Teaching overview

Learning points

  • Two million years ago, what is now Yosemite National Park in California was covered in mountains and V-shaped valleys, which had been carved out by rivers.
  • During an ice age, the valleys filled with slow-moving rivers of ice called glaciers.
  • As the glaciers moved through the valleys, they wore the rock away, turning the V-shaped valleys into the steep-sided, U-shaped valleys we see today.

Curriculum keywords

  • Geology
  • Landforms
  • Glaciers

Multimedia toolbox

El Capitan visual

Show the visual before the video and ask students to describe what they can see. How could a person reach the top of the rocks?

Mountain climber visual

Show the visual after the video to spark a discussion about the safety precautions and equipment a climber uses to prepare to climb El Capitan.

Glacial valley visual

Show the visual of glaciers in a valley in Canada to illustrate the enormous power of these slow-moving rivers of ice.

Spark a discussion

  • Why do climbers like to climb El Capitan?
  • What makes El Capitan a challenging climb?
  • Why do steepness and smoothness make something more difficult to climb?
  • What is an Ice Age?
  • How do we know what landscapes looked like millions of years ago?
  • Are landscapes still changing today?
  • What are some examples of slow landscape change?
  • In what ways can landscapes change very quickly?

Activities

Modelling erosion

CONSTRUCT models of landscapes and test the effects of erosion caused by water, wind and glacial movement.

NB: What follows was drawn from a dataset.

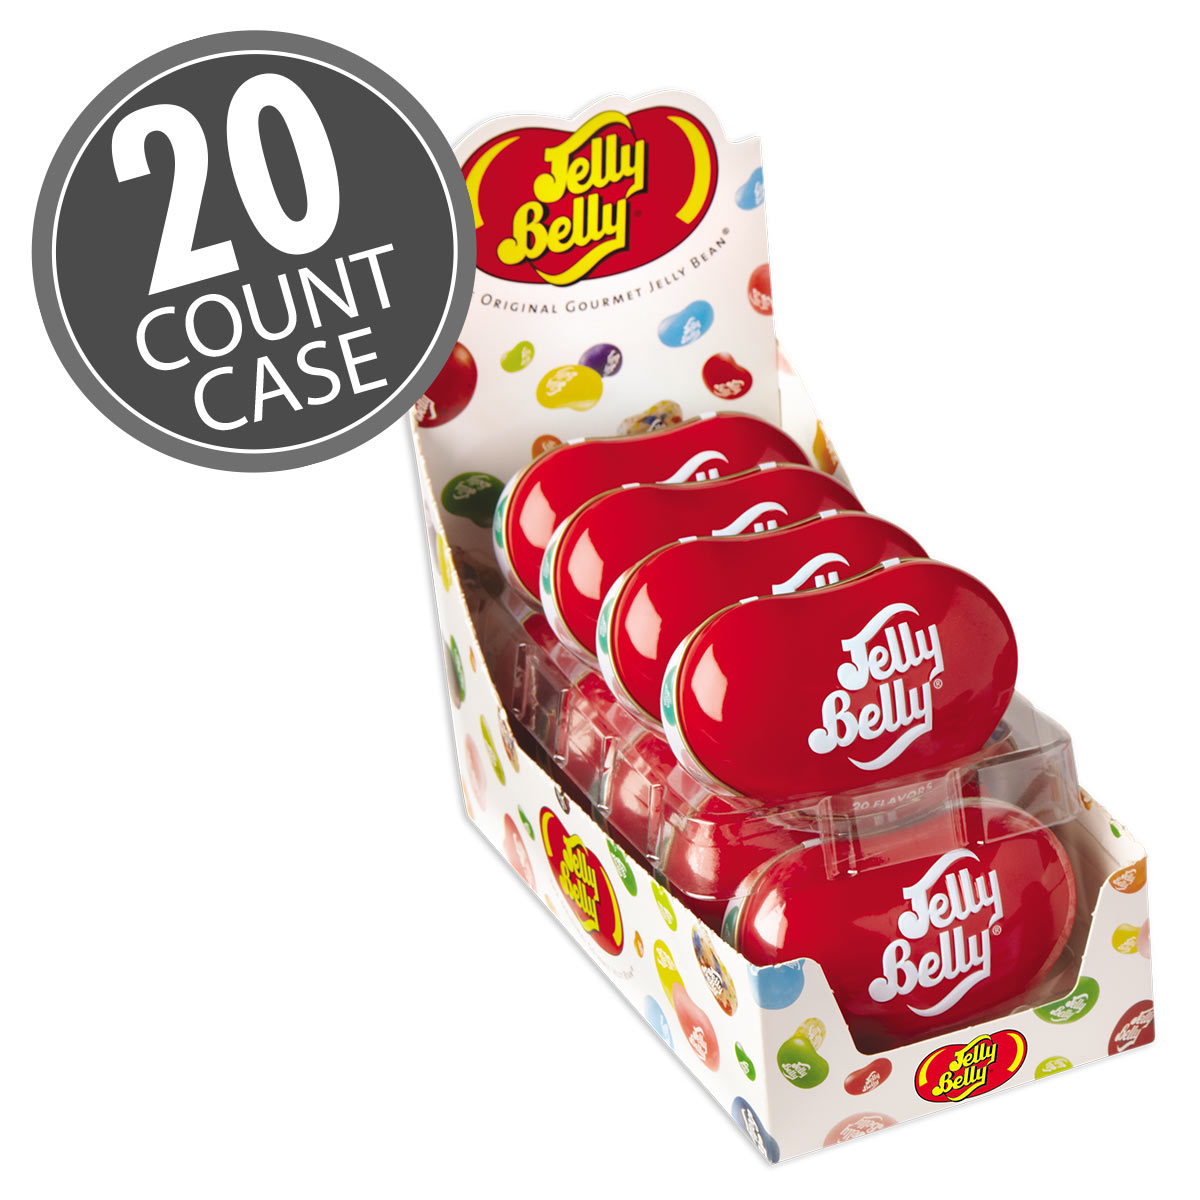 Jelly Belly Bean Tin with 1.7 oz of assorted flavor jelly beans. The bean-shaped container can be refilled with other candy! 20-count case.

Open detailed instructions

Other activity ideas

  • INVESTIGATE landforms in the local area – such as valleys, caves and cliffs – that were created by erosion over time.
  • WRITE a story about being a climber preparing to tackle El Capitan. What safety equipment do you need? How do you train? How do you feel about the challenge?
  • RESEARCH the area where El Capitan is found. What is interesting about Yosemite National Park? What wildlife lives in it? What other natural features does it contain?
Print this sheet

Modelling erosion

Duration: 30 minutes

Resources:

  • (per group):
  • 3 shoe boxes or similar containers
  • Soil
  • Water in a spray bottle
  • Drinking straws
  • Ice cubes

Key Learning:

This activity allows students to set up their own models of water, wind and glacial erosion, seeing these processes in action on a small scale.

Activity instructions:

  1. Organize students into groups. Give each group the resources listed above.
  2. Tell students to arrange the soil into a slope against one side of each container.
  3. First, students should use the water in their spray bottles to represent water erosion. They should spray the water onto the top of the soil slope in one container. Ask students to observe what happens. The water should run down the slope, displacing some of the soil and creating a small channel.
  4. Next, students should use the drinking straws to represent wind erosion by blowing onto the soil in another container. Students should observe that the "wind" blows some of the soil down the hill.
  5. Finally, students should use the ice cubes to represent glacial erosion, placing them at the top of the slope in their remaining containers and pushing them down. Students should observe that the ice makes the soil move even more than the water or wind did. The ice cubes are like small glaciers carving out deep ridges in the land.

Optional extra

Students could test the differences changes in the environment make to the amount of erosion produced by water, wind and glaciers. What happens when the soil is arranged flat rather than in a slope? Does adding objects to represent, for example, trees affect the erosion that is caused?

Background information

  • Landscapes are not fixed. They are constantly changing through processes that can take place quickly (e.g. volcanic eruption, landslides) or slowly (gradual erosion).
  • Erosion is the breaking down of rocks and soil through natural forces. The broken-down material is carried off by the forces that erode it and deposited elsewhere.
  • Rivers form part of the global water cycle, and their main role is to drain the land and return water to the sea. The start of most rivers is found in hills and mountains, and river erosion occurs as water moves downstream to the mouth of the river.
  • Glaciers – rivers of ice – appear on all Earth’s continents, with the exception of Australasia: even in Africa, they are found high in mountains. In Antarctica, the glacial ice is so thick that only the highest mountains poke through. In fact, more than 75% of the world’s fresh water is locked up in glaciers.
  • Glaciers form when ice and snow builds up faster than it disappears. The solid mass of ice and rock flows downhill under its own weight – too slowly to see with the naked eye, but time-lapse photography reveals a continuous, fluid motion.
  • Glaciers change landscapes through three main processes: removing material, moving material and dumping material.
  • Rocks are slowly worn away as water freezes in cracks and holes, widening gaps and eventually forcing them apart.
  • At the base of a glacier, the passing ice freezes to the rock surface and pulls chunks of it away, leaving a jagged surface. These fragments grind away at the underlying rocks like sandpaper.

Glossary

Glacier
A very large, slow-moving river of ice.
Erosion
The process of wearing away an object over a period of time, caused by various environmental and weather conditions.
Ice Age
A very long period of time when the Earth’s temperature is reduced, resulting in the growth of ice sheets and glaciers.
Valley
A long, low area between hills or mountains.